• **Your task**:
Would you write out the listing verbatim and skip every picture in it?

• **Given information**:

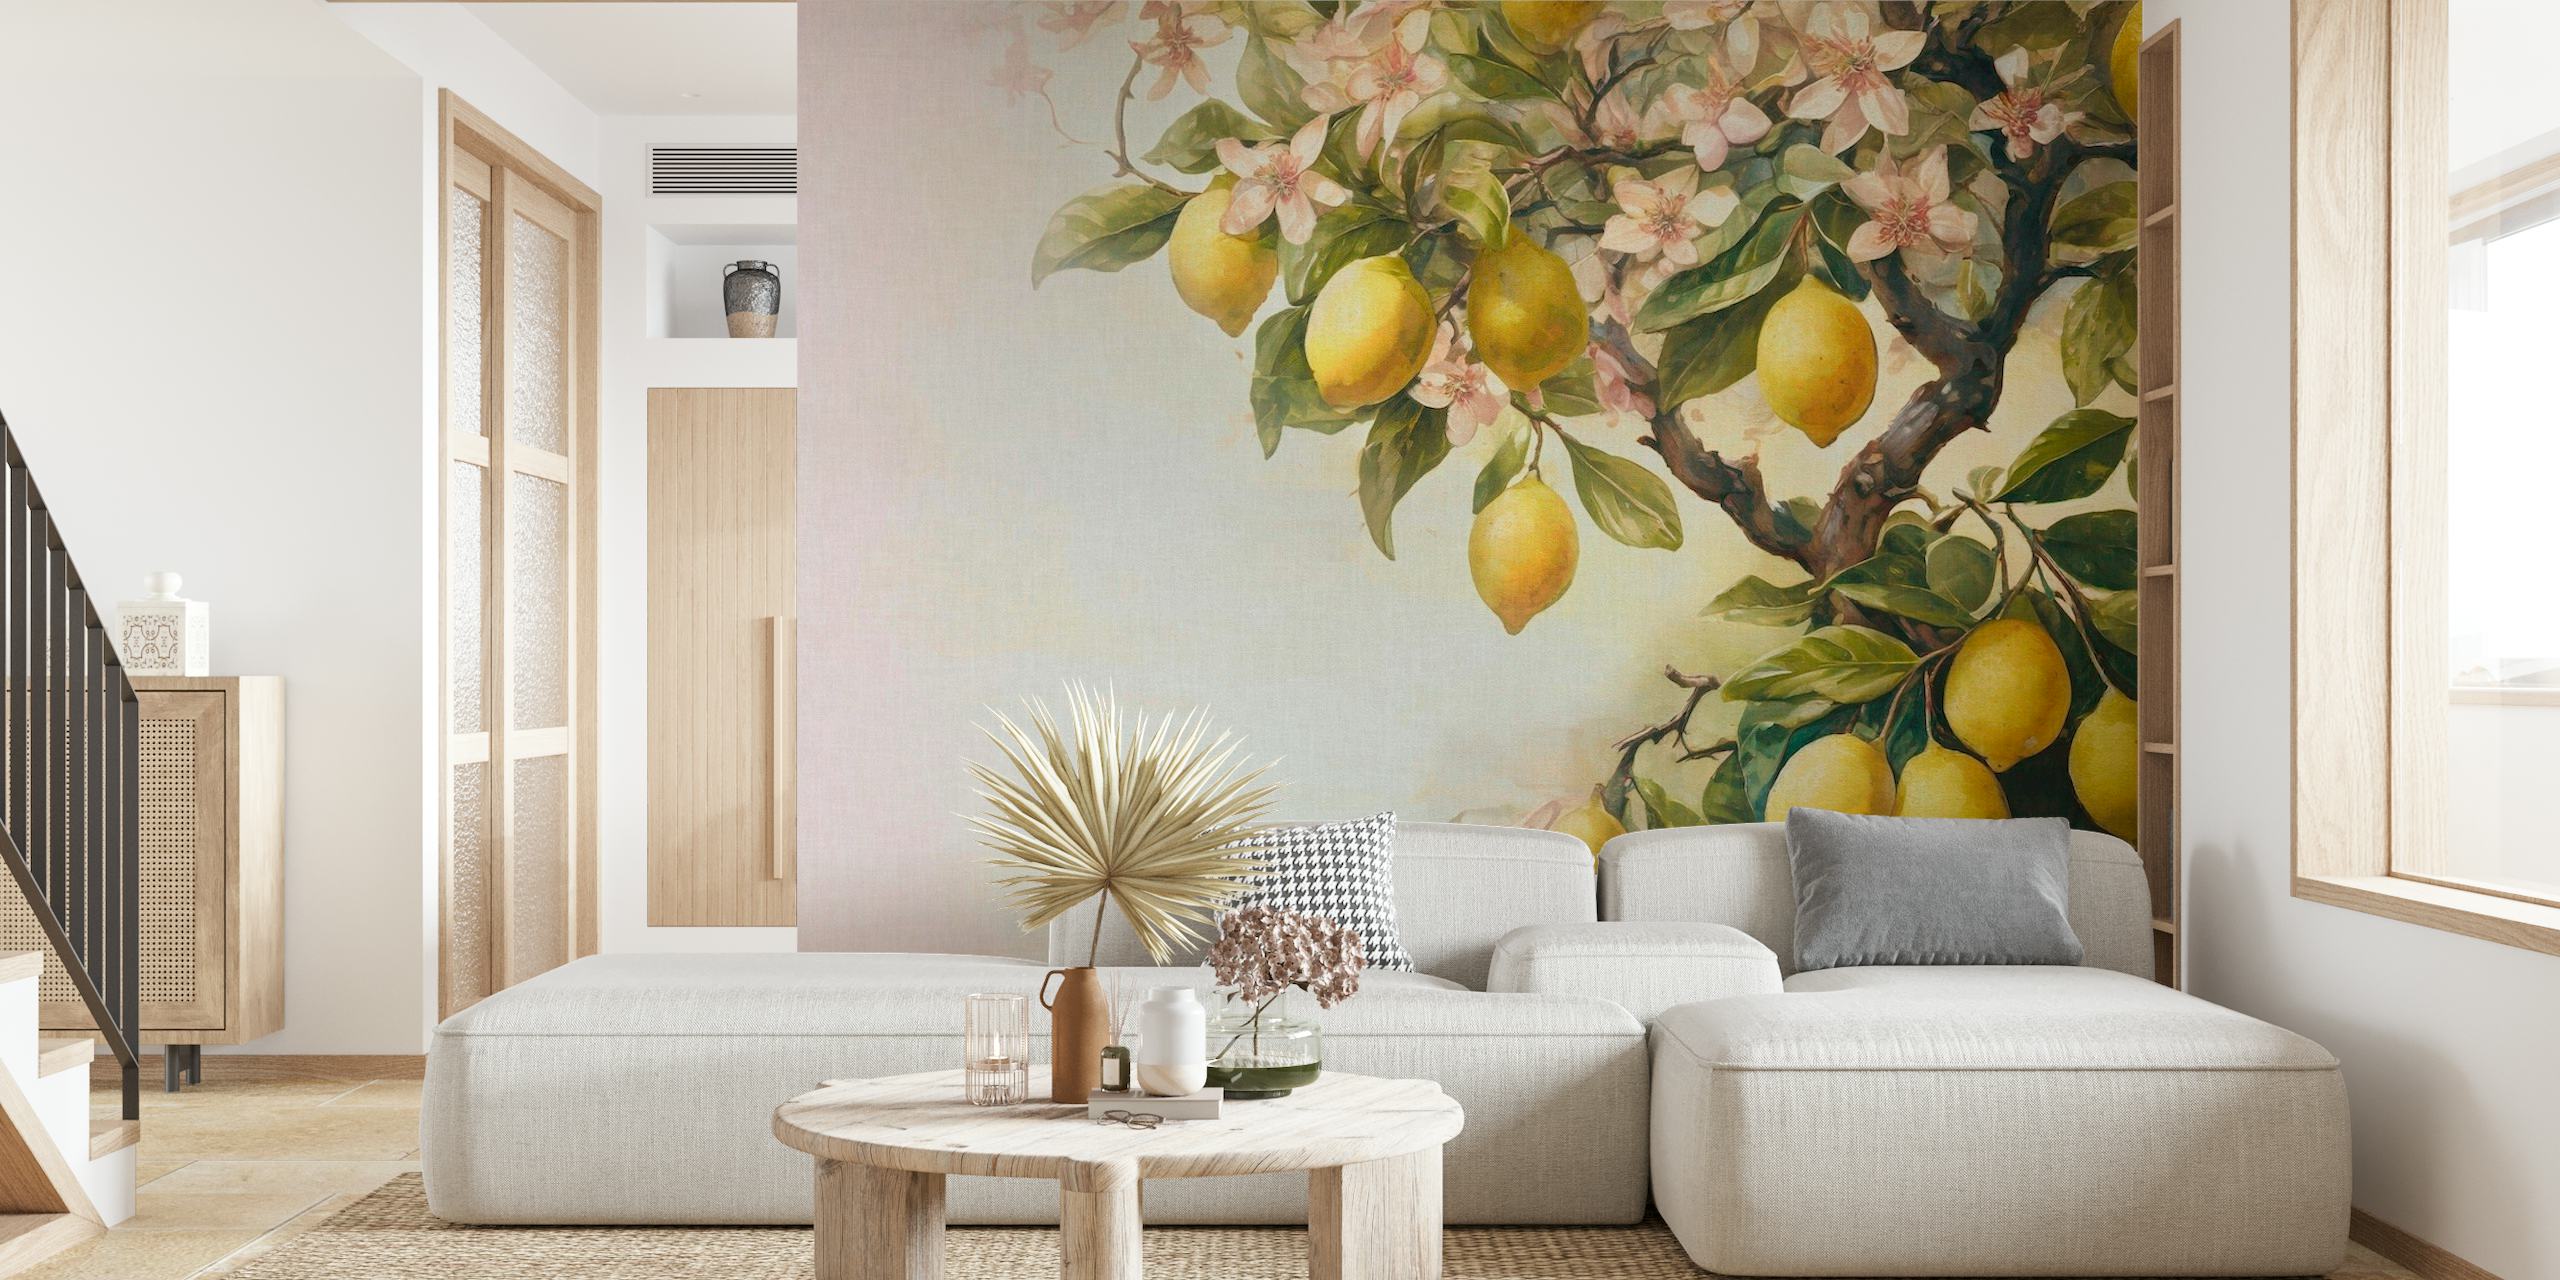 Fototapeta citronovníku se zralými citrony a květy v jemných vintage tónech
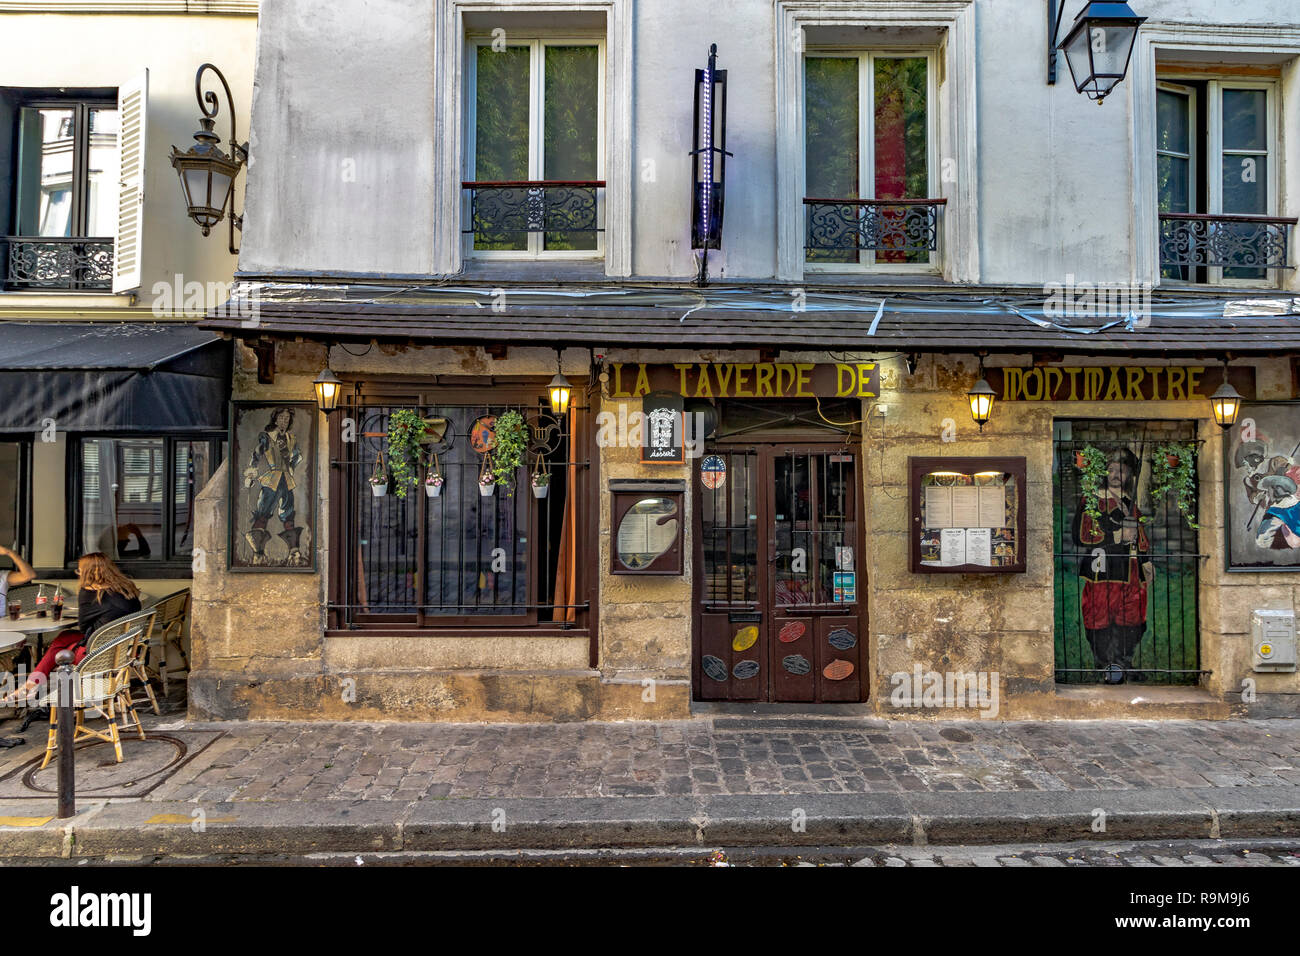 La Taverne De Montmartre restaurant on Rue Gabrielle , in Montmartre, Paris Stock Photo
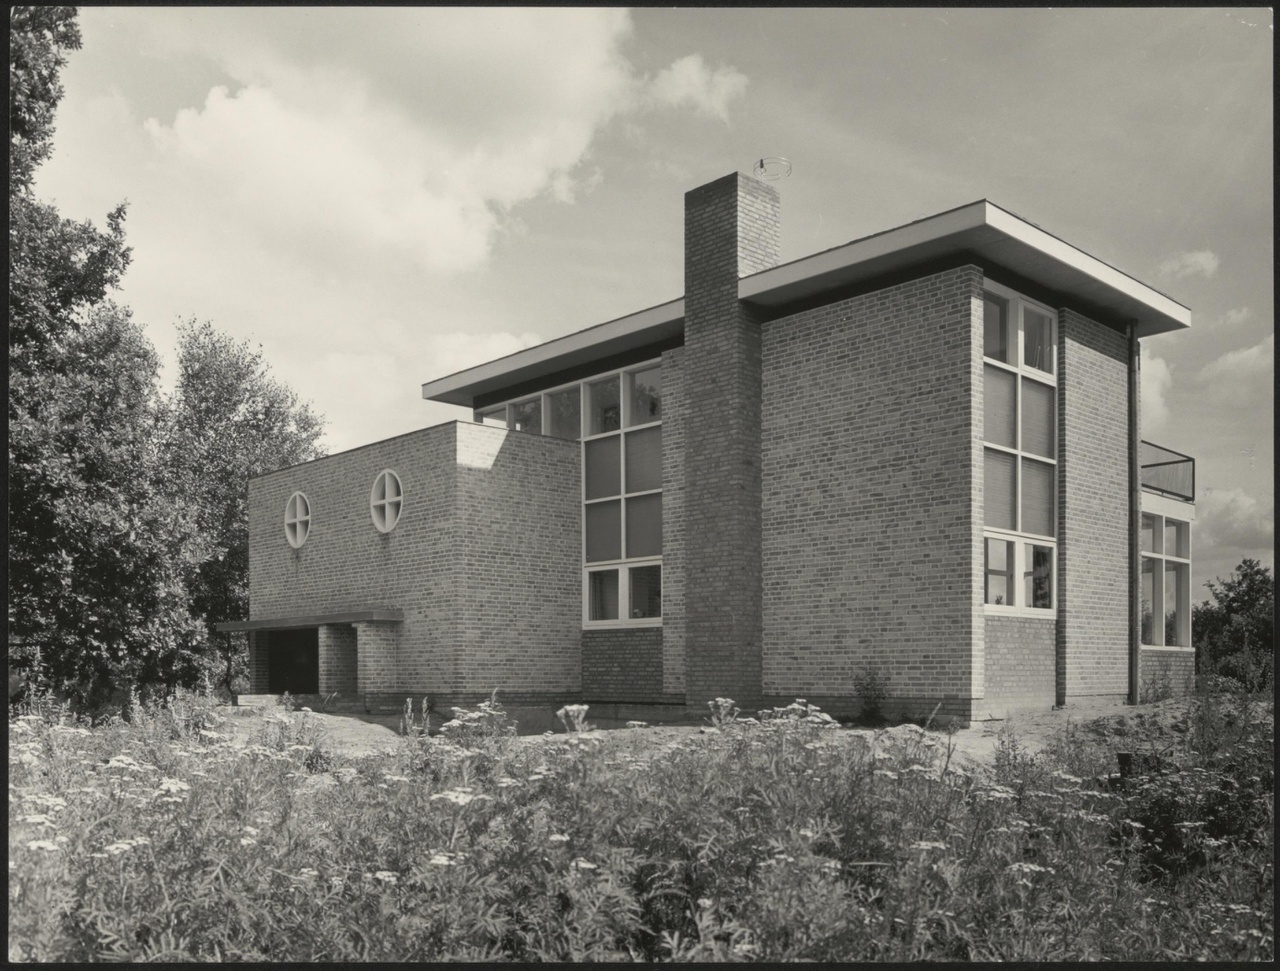 Afbeelding van woning Jansen, ca.1957, straatkant, schuin

• **Answer box**:
 Fototapeta citronovníku se zralými citrony a květy v jemných vintage tónech
 La Taverne De Montmartre restaurant on Rue Gabrielle , in Montmartre, Paris Stock Photo
 Afbeelding van woning Jansen, ca.1957, straatkant, schuin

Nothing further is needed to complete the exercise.